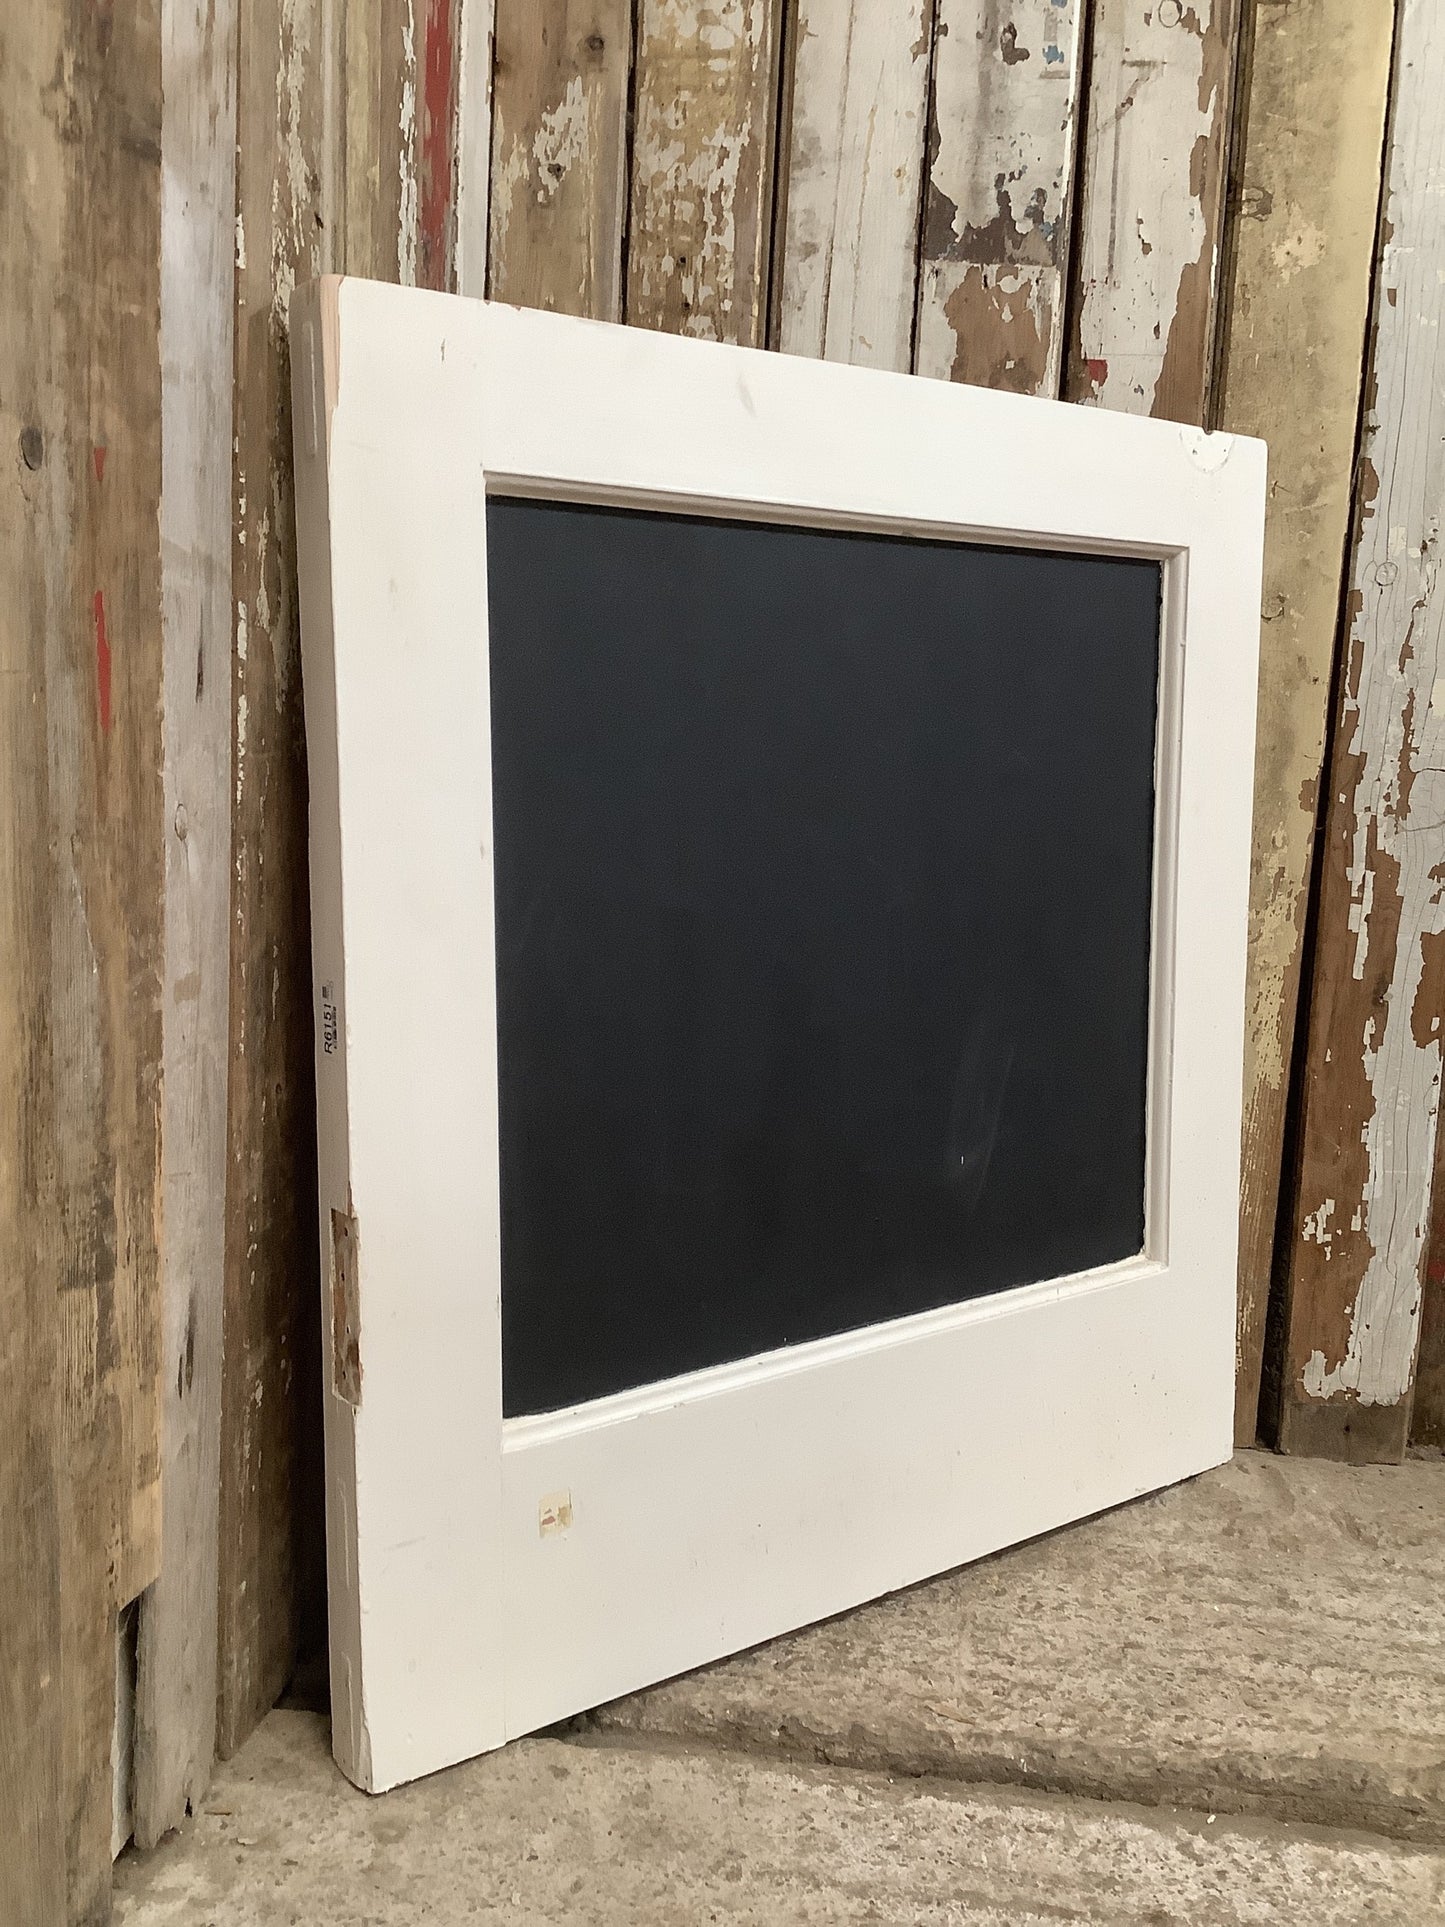 Repurposed White Painted Pine Doubled Sided Panel Blackboard Door 2'7"H 2'5" W
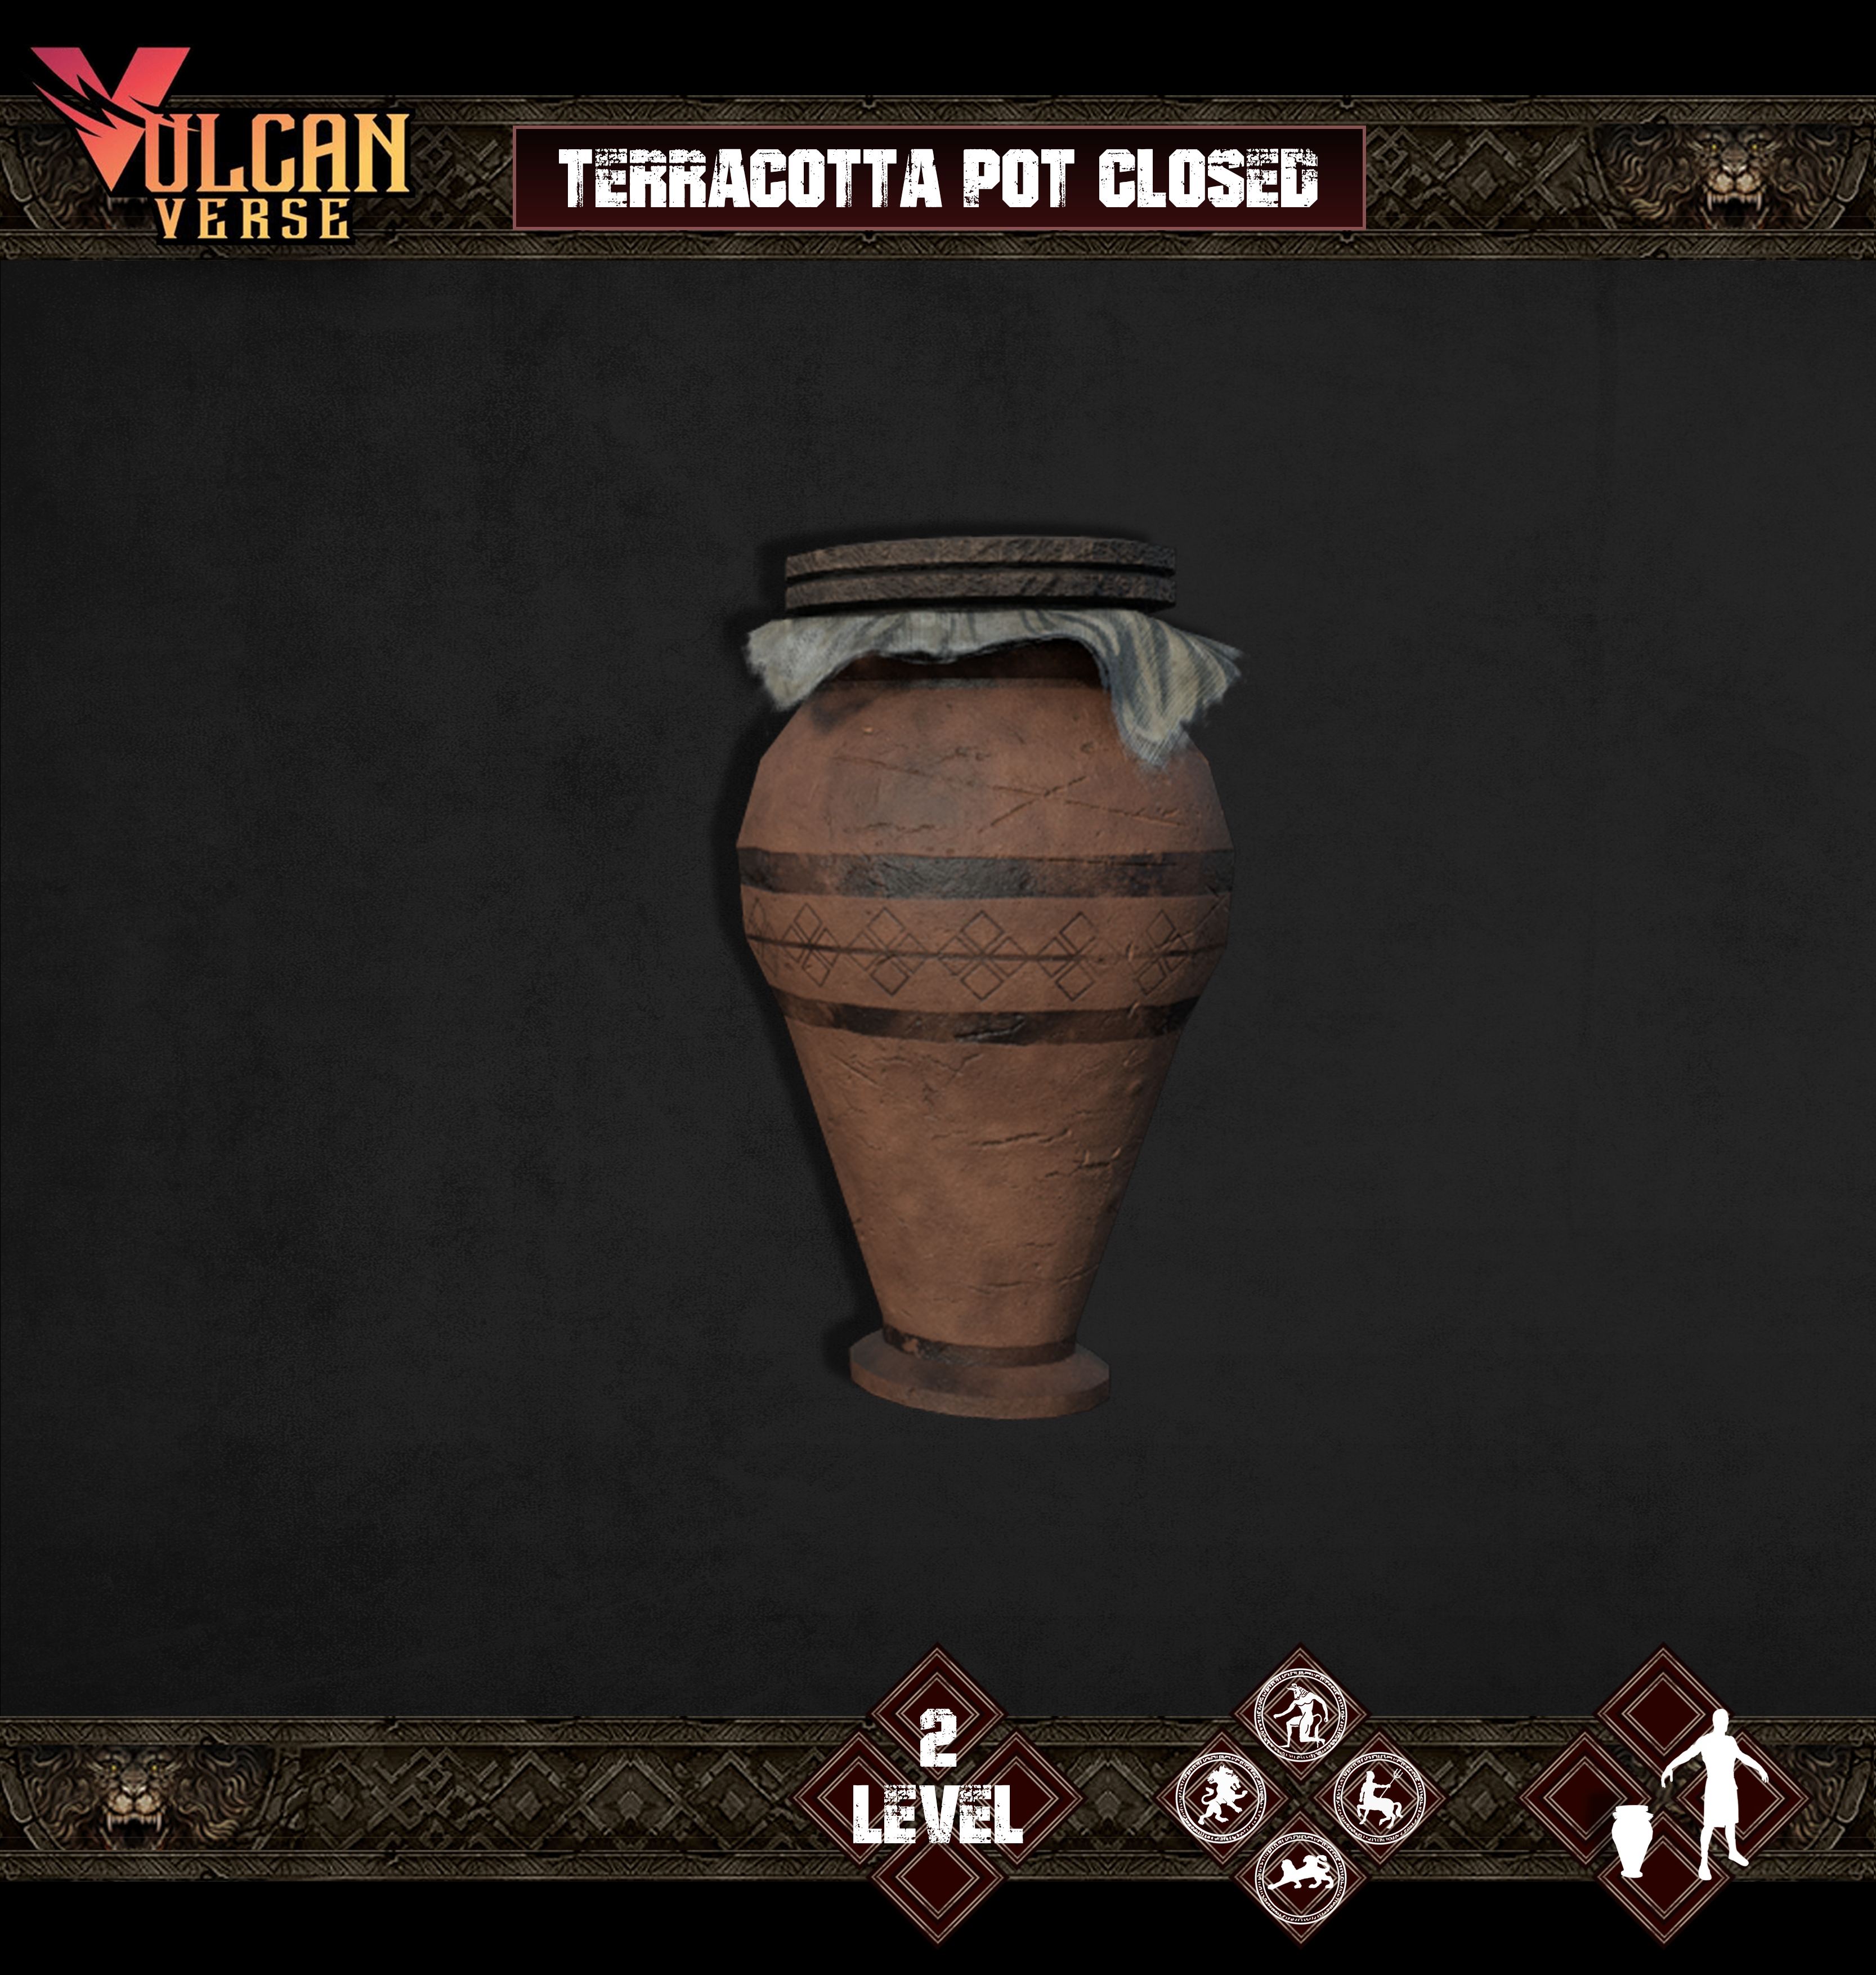 Terracotta Pot closed
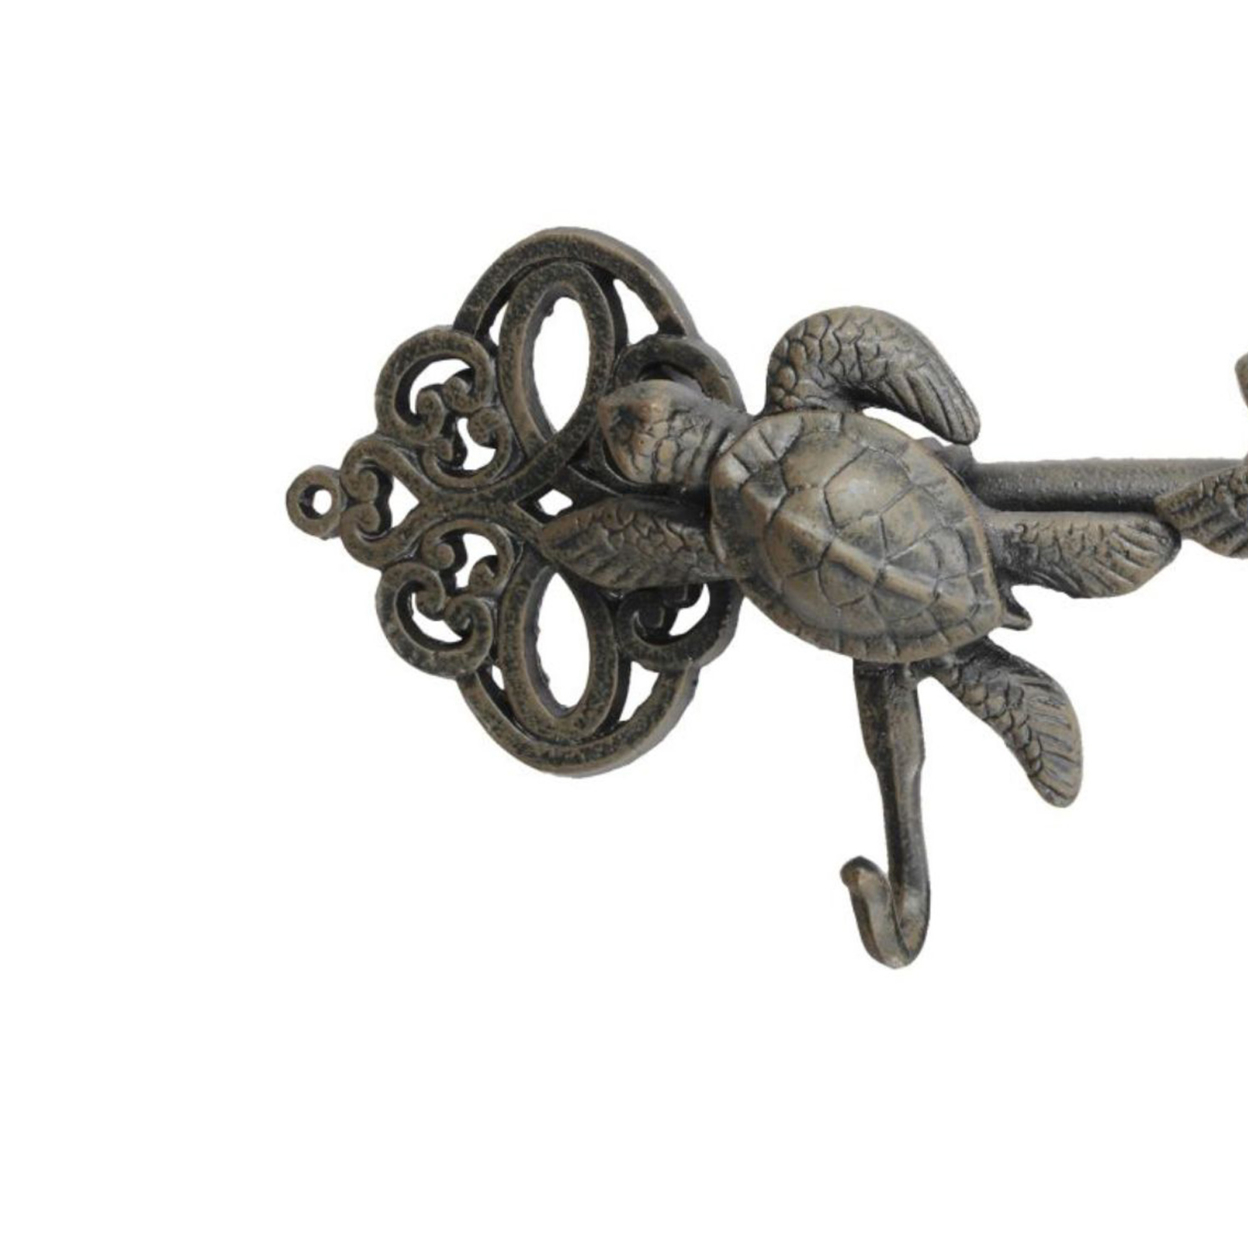 Decorative Sea Turtles Iron Wall Hook On Antique Key, Gray- Saltoro Sherpi

================================

Transcribe all the lines above exactly, apart from the pictures.

 Repurposed White Painted Pine Doubled Sided Panel Blackboard Door 2'7"H 2'5" W
 Terracotta Pot closed
 Decorative Sea Turtles Iron Wall Hook On Antique Key, Gray- Saltoro Sherpi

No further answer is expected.